2. MARCH THE TWENTIETH. SIX TO NINE O'CLOCK P.M.
Two evenings later, to the total disarrangement of his dinner-hour, Mr. Raunham appeared at Owen's door. His arrival was hailed with genuine gratitude. The horse was tied to the palings, and the rector ushered indoors and put into the easy-chair.
Then Graye told him the whole story, reminding him that their first suspicions had been of a totally different nature, and that in endeavouring to obtain proof of their truth they had stumbled upon marks which had surprised them into these new uncertainties, thrice as marvellous as the first, yet more prominent.
Cytherea's heart was so full of anxiety that it superinduced a manner of confidence which was a death-blow to all formality. Mr.
Raunham took her hand pityingly.
'It is a serious charge,' he said, as a sort of original twig on which his thoughts might precipitate themselves.
'Assuming for a moment that such a substitution was rendered an easy matter by fortuitous events,' he continued, 'there is this consideration to be placed beside it--what earthly motive can Mr.
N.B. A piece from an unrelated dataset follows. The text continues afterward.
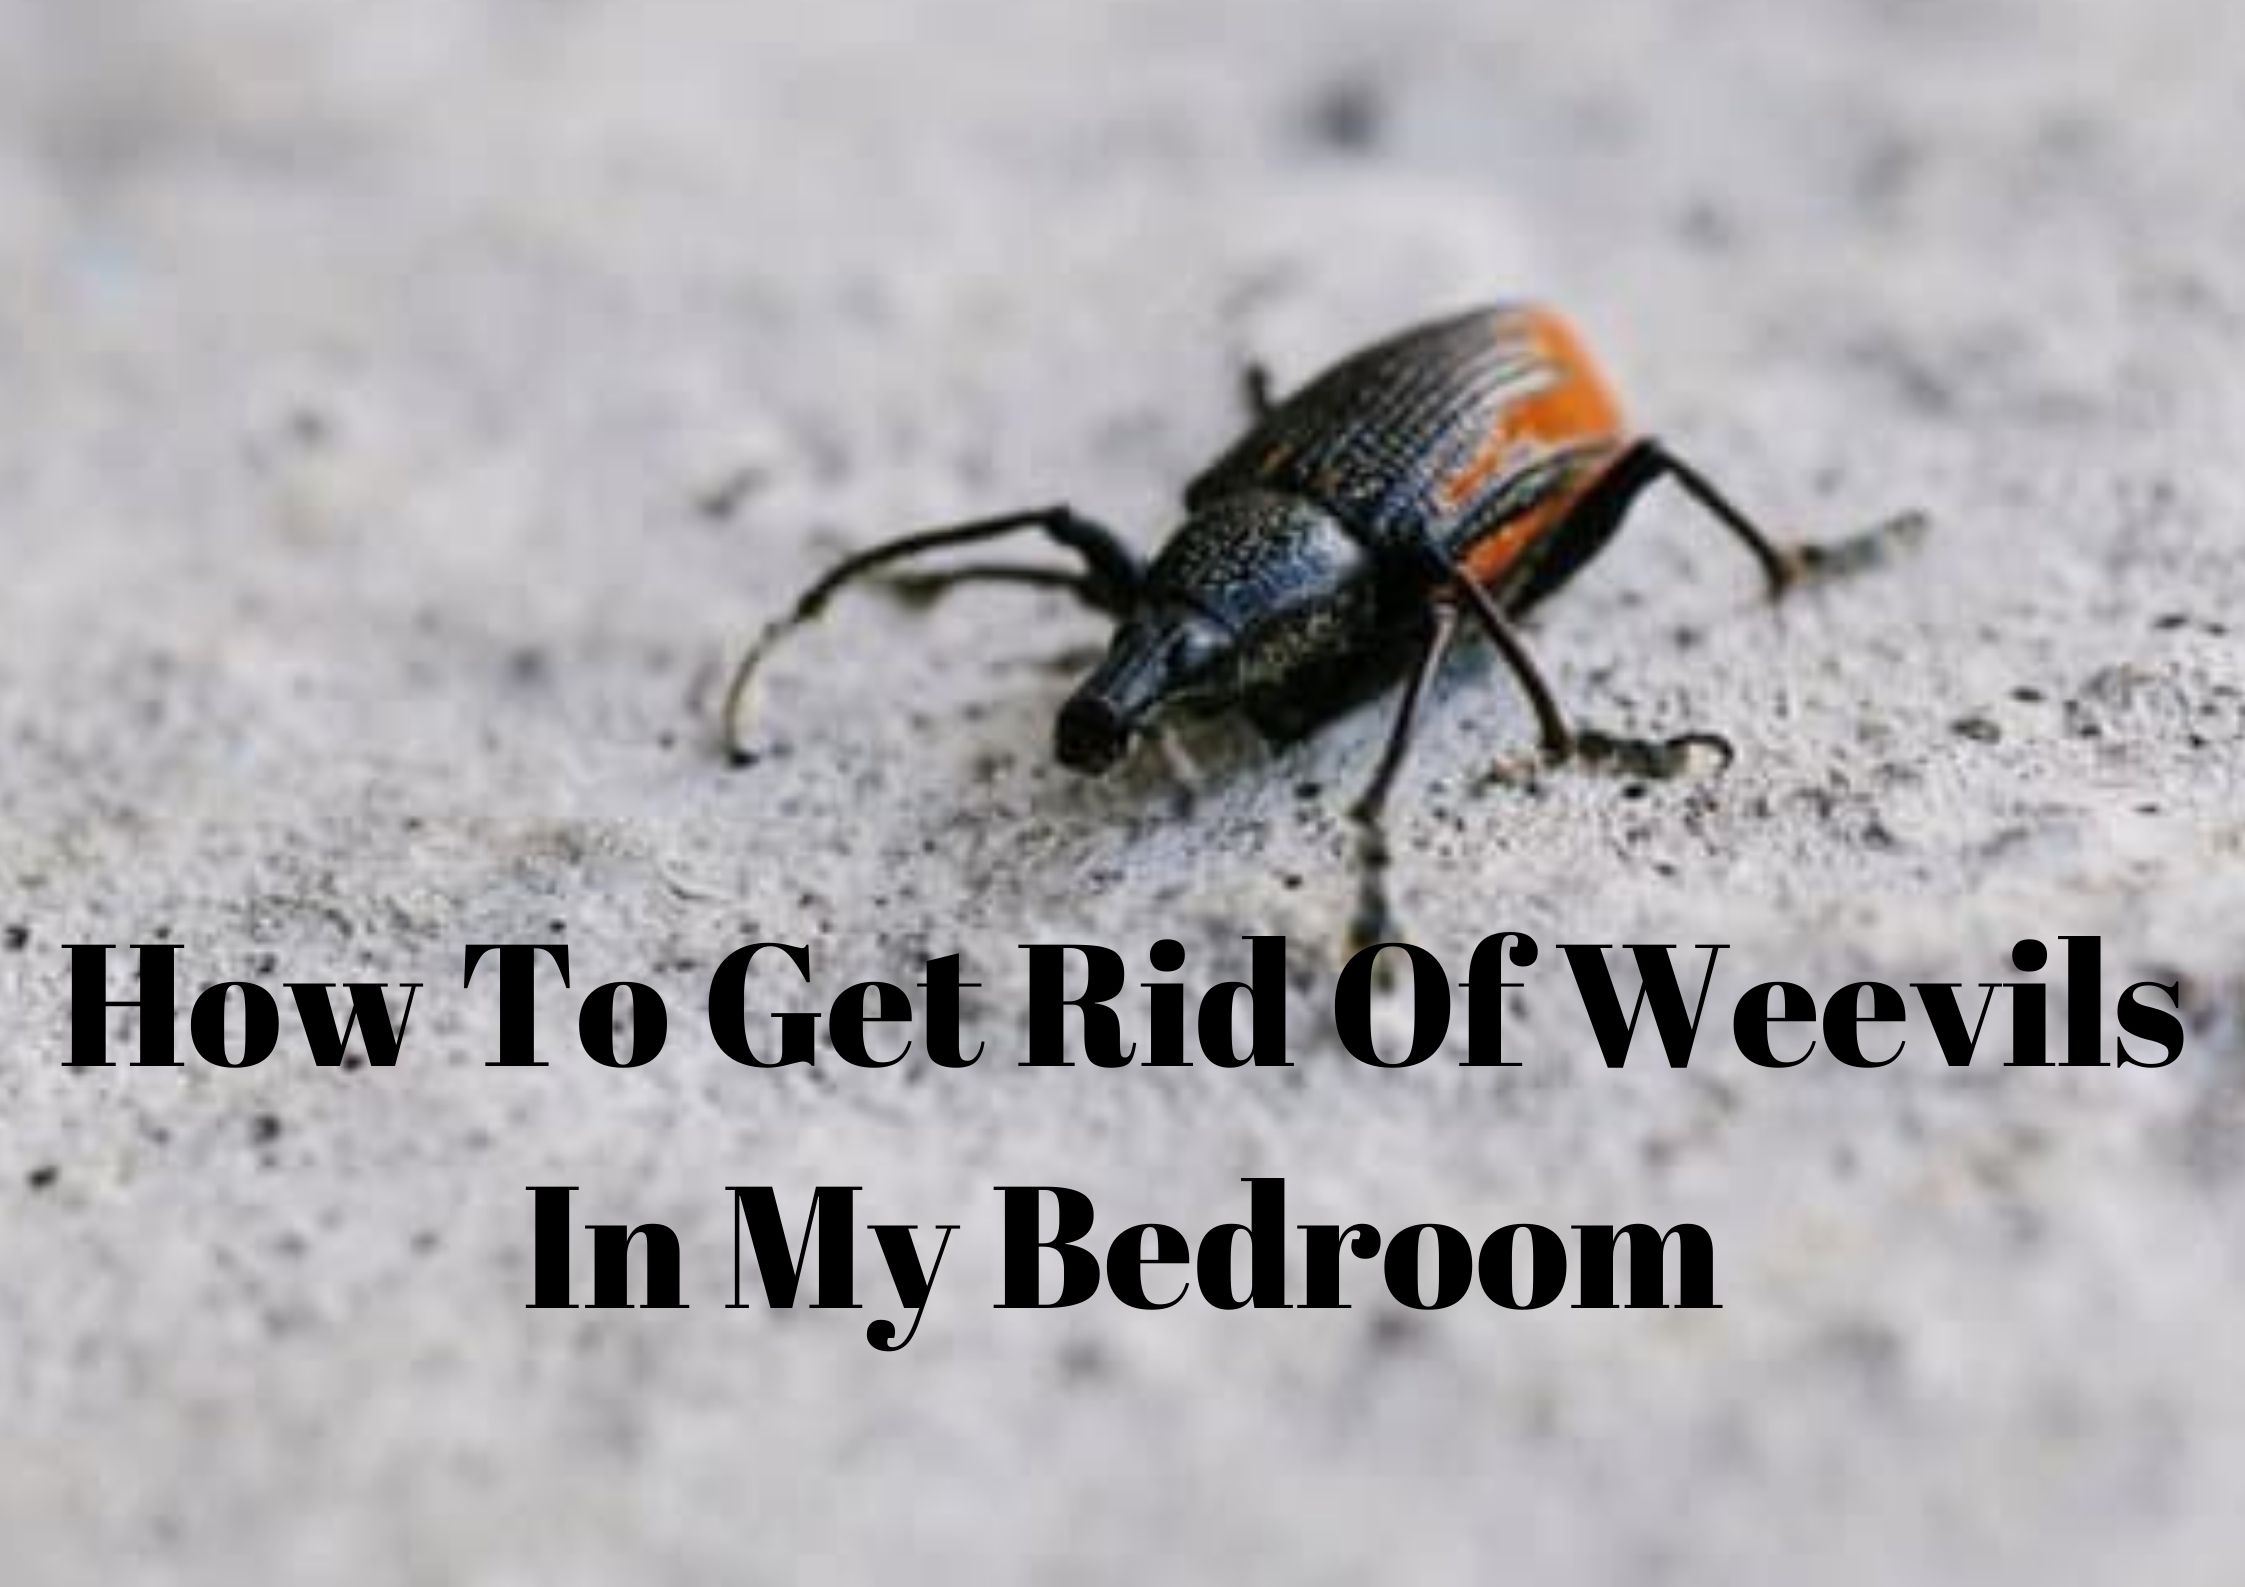 Get Rid of Weevils in My Bedroom

Manston have had which would be sufficiently powerful to lead him to run such a very great risk? The most abandoned roue could not, at that particular crisis, have taken such a reckless step for the mere pleasure of a new companion.' Owen had seen that difficulty about the motive; Cytherea had not.
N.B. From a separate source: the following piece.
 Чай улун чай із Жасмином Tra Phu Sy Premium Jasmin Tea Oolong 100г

'Unfortunately for us,' the rector resumed, 'no more evidence is to be obtained from the porter, Chinney. I suppose you know what became of him? He got to Liverpool and embarked, intending to work his way to America, but on the passage he fell overboard and was drowned. But there is no doubt of the truth of his confession--in fact, his conduct tends to prove it true--and no moral doubt of the fact that the real Mrs. Manston left here to go back by that morning's train. This being the case, then, why, if this woman is not she, did she take no notice of the advertisement--I mean not necessarily a friendly notice, but from the information it afforded her have rendered it impossible that she should be personified without her own connivance?' 'I think that argument is overthrown,' Graye said, 'by my earliest assumption of her hatred of him, weariness of the chain which bound her to him, and a resolve to begin the world anew. Let's suppose she has married another man--somewhere abroad, say; she would be silent for her own sake.' 'You've hit the only genuine possibility,' said Mr. Raunham, tapping his finger upon his knee. 'That would decidedly dispose of the second difficulty. But his motive would be as mysterious as ever.' Cytherea's pictured dreads would not allow her mind to follow their conversation. 'She's burnt,' she said. 'O yes; I fear--I fear she is!' 'I don't think we can seriously believe that now, after what has happened,' said the rector.